**WHAT TO DO:**
Would you repeat exactly the part of the listing below that runs from the line containing "Edinburgh Scotland, UK" down to the line containing "Bostech Turbocharger Up", inclusive, and nothing else?

**SOURCE MATERIAL:**
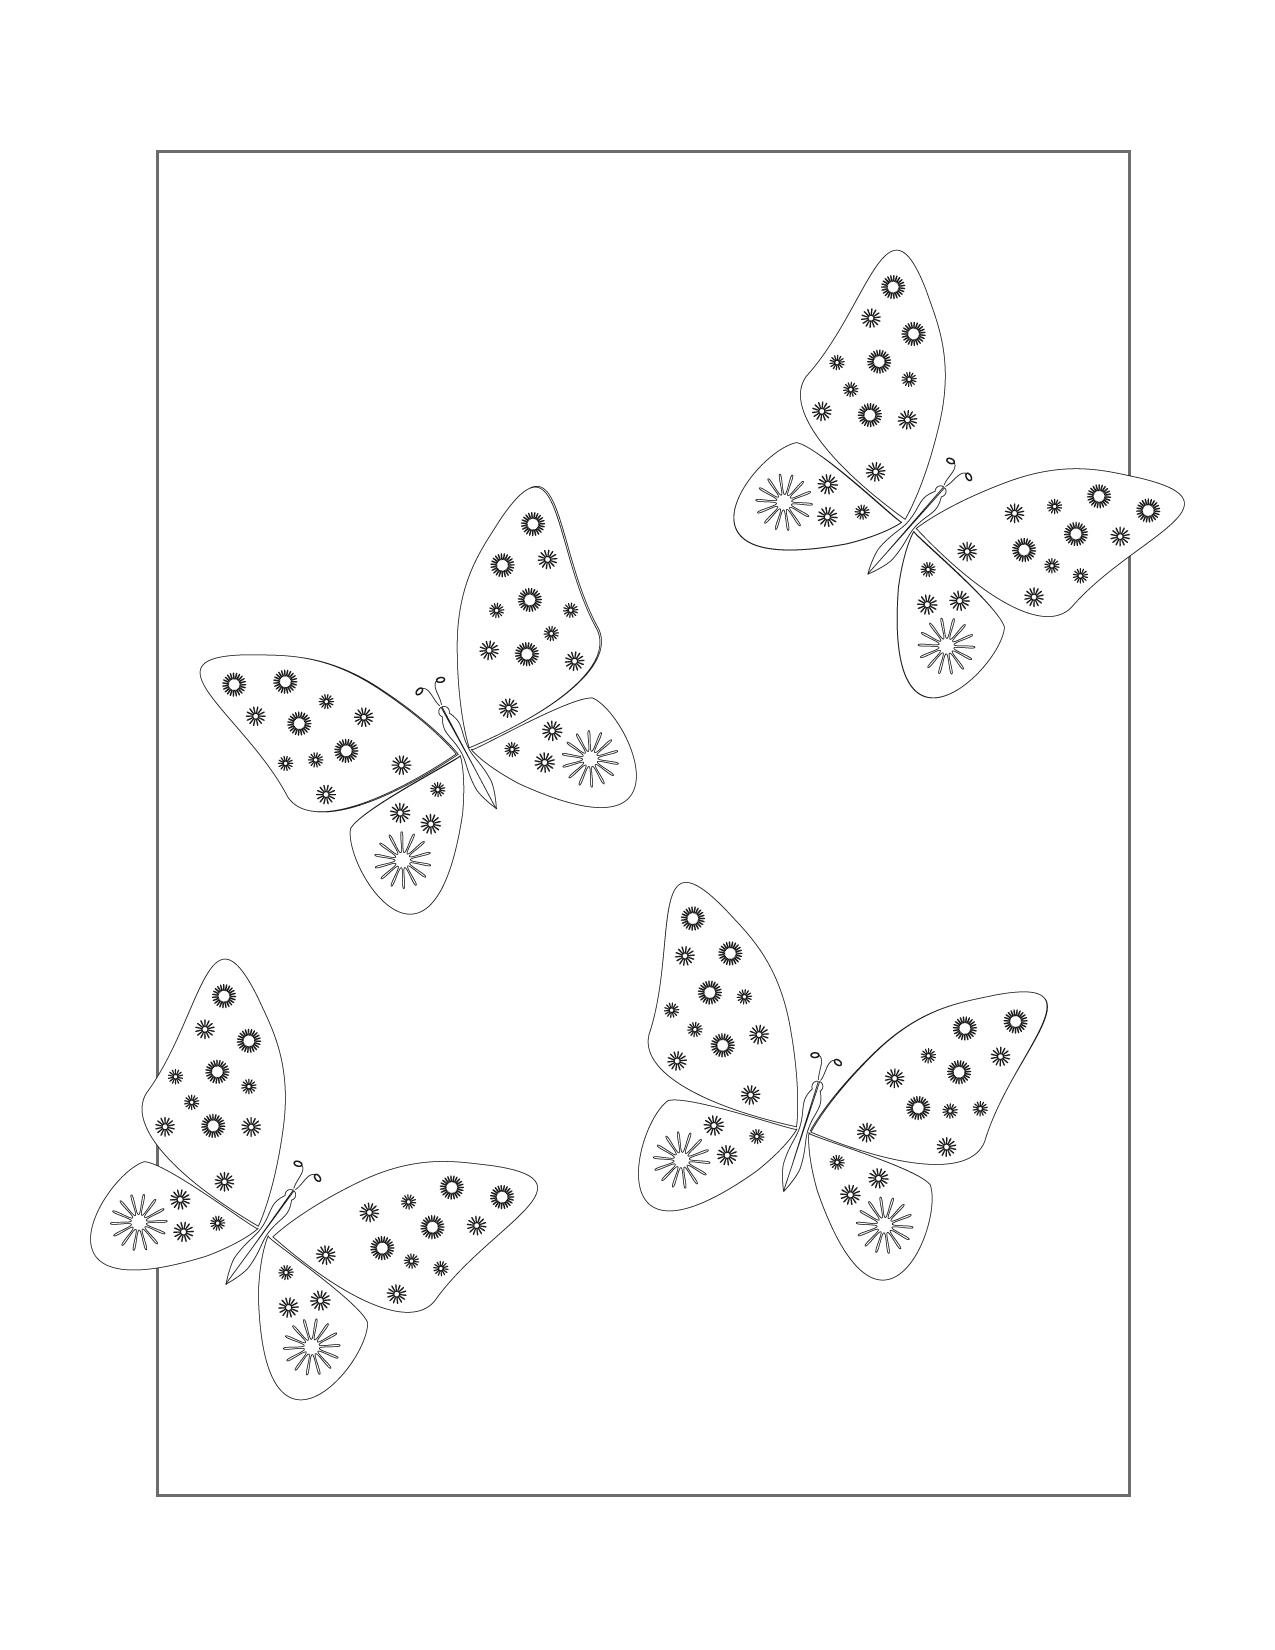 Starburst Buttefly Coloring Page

---

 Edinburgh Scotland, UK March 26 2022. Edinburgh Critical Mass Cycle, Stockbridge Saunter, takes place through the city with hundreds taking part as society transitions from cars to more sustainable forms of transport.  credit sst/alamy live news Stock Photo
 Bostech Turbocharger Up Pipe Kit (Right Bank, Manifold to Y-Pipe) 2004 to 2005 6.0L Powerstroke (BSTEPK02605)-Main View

**ANSWER TO THIS PROBLEM:**
 Edinburgh Scotland, UK March 26 2022. Edinburgh Critical Mass Cycle, Stockbridge Saunter, takes place through the city with hundreds taking part as society transitions from cars to more sustainable forms of transport.  credit sst/alamy live news Stock Photo
 Bostech Turbocharger Up Pipe Kit (Right Bank, Manifold to Y-Pipe) 2004 to 2005 6.0L Powerstroke (BSTEPK02605)-Main View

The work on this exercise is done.